Required work: Print the entire listing below word for word, excluding its pictures.

Source data:
--------

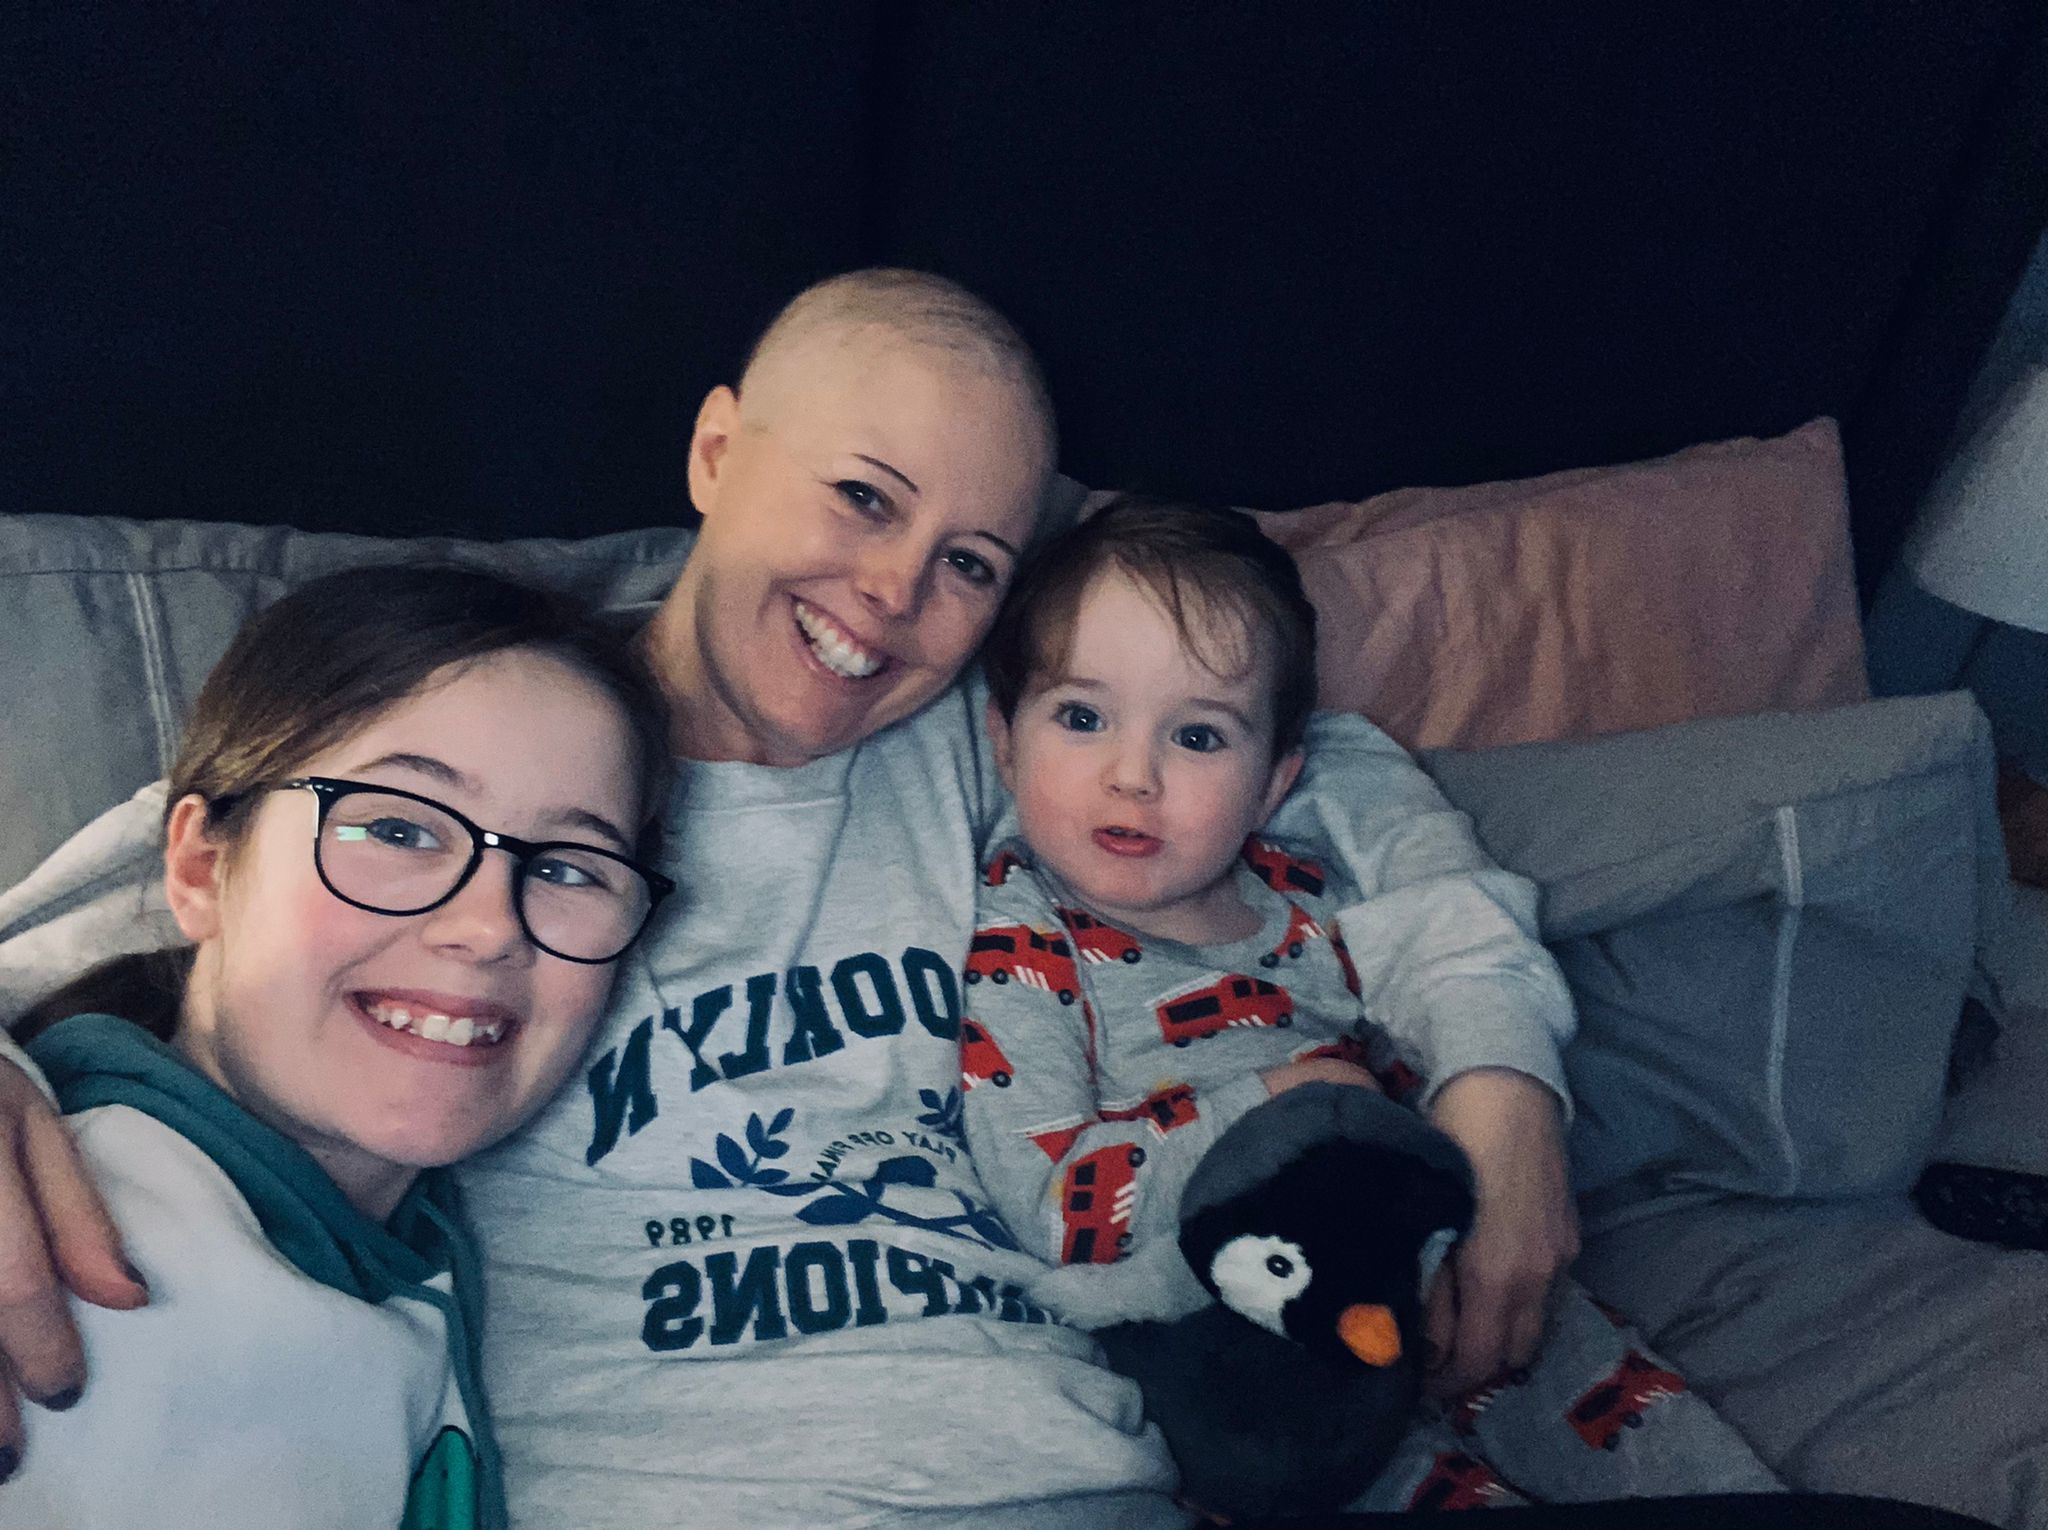 INSPIRATIONAL: Samanthas story will be aired ahead of Shine Night Walk events across the UK. Pictures provided by Cancer Research UK.
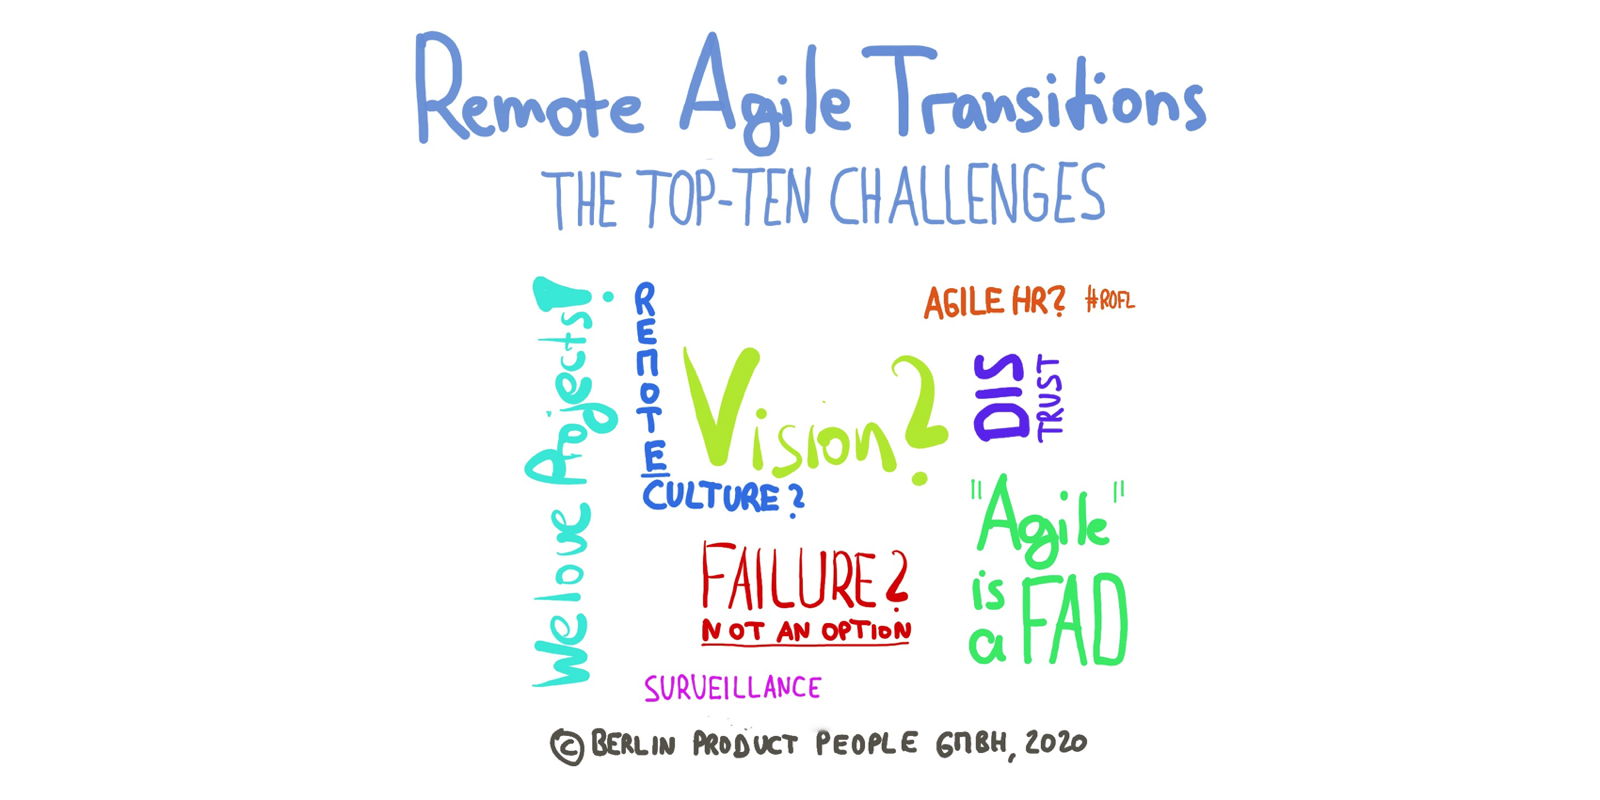 Remote Agile Transitions — The Top-Ten Challenges — Berlin Product People GmbH
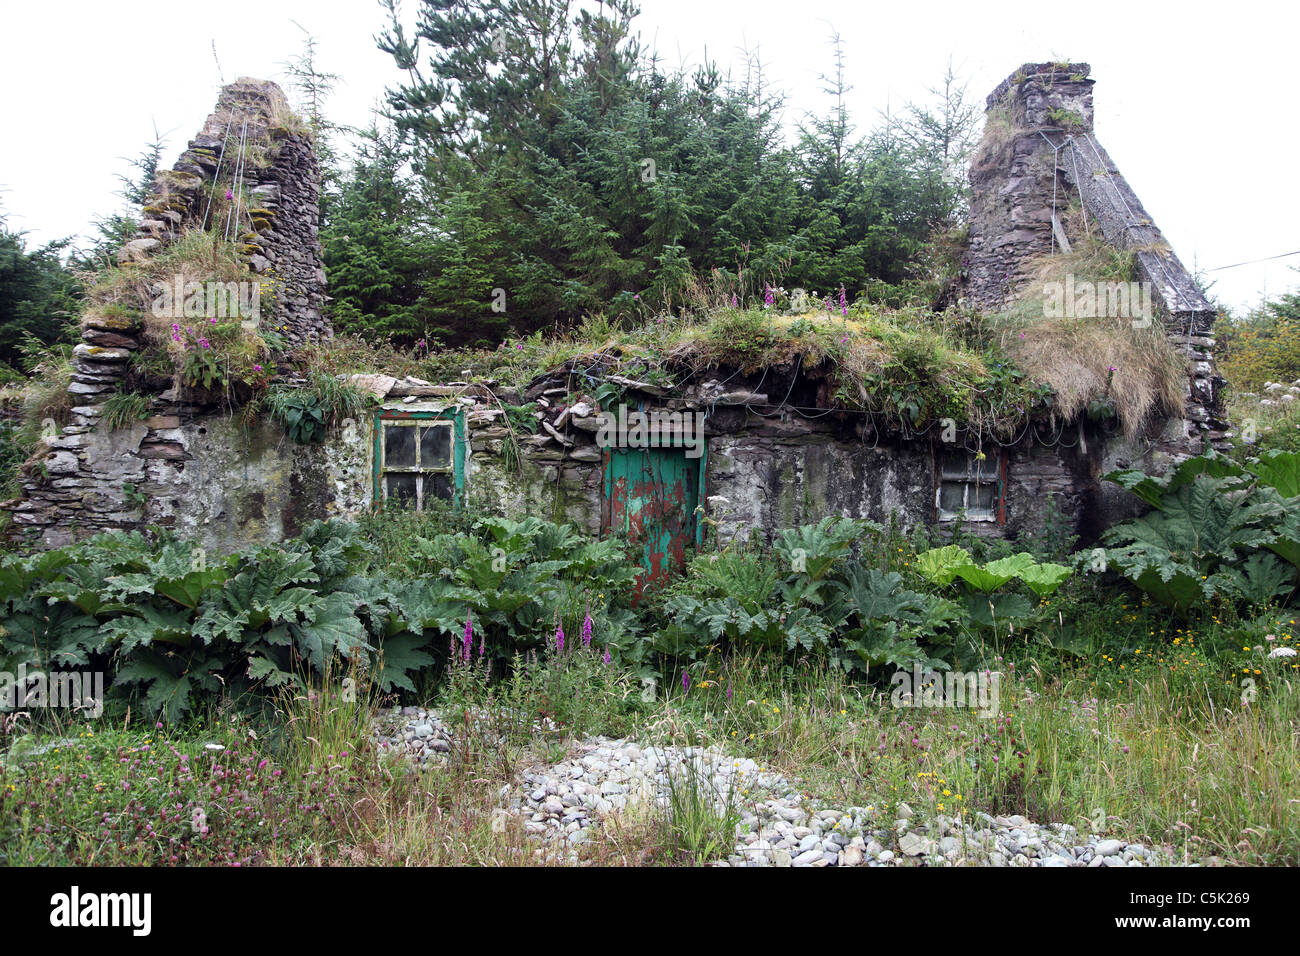 Ruined cottage Cill Rialaig, Ballinskelligs, Co. Kerry, Ireland Stock Photo

--------

Exercise answer:
 INSPIRATIONAL: Samanthas story will be aired ahead of Shine Night Walk events across the UK. Pictures provided by Cancer Research UK.
 Remote Agile Transitions — The Top-Ten Challenges — Berlin Product People GmbH
 Ruined cottage Cill Rialaig, Ballinskelligs, Co. Kerry, Ireland Stock Photo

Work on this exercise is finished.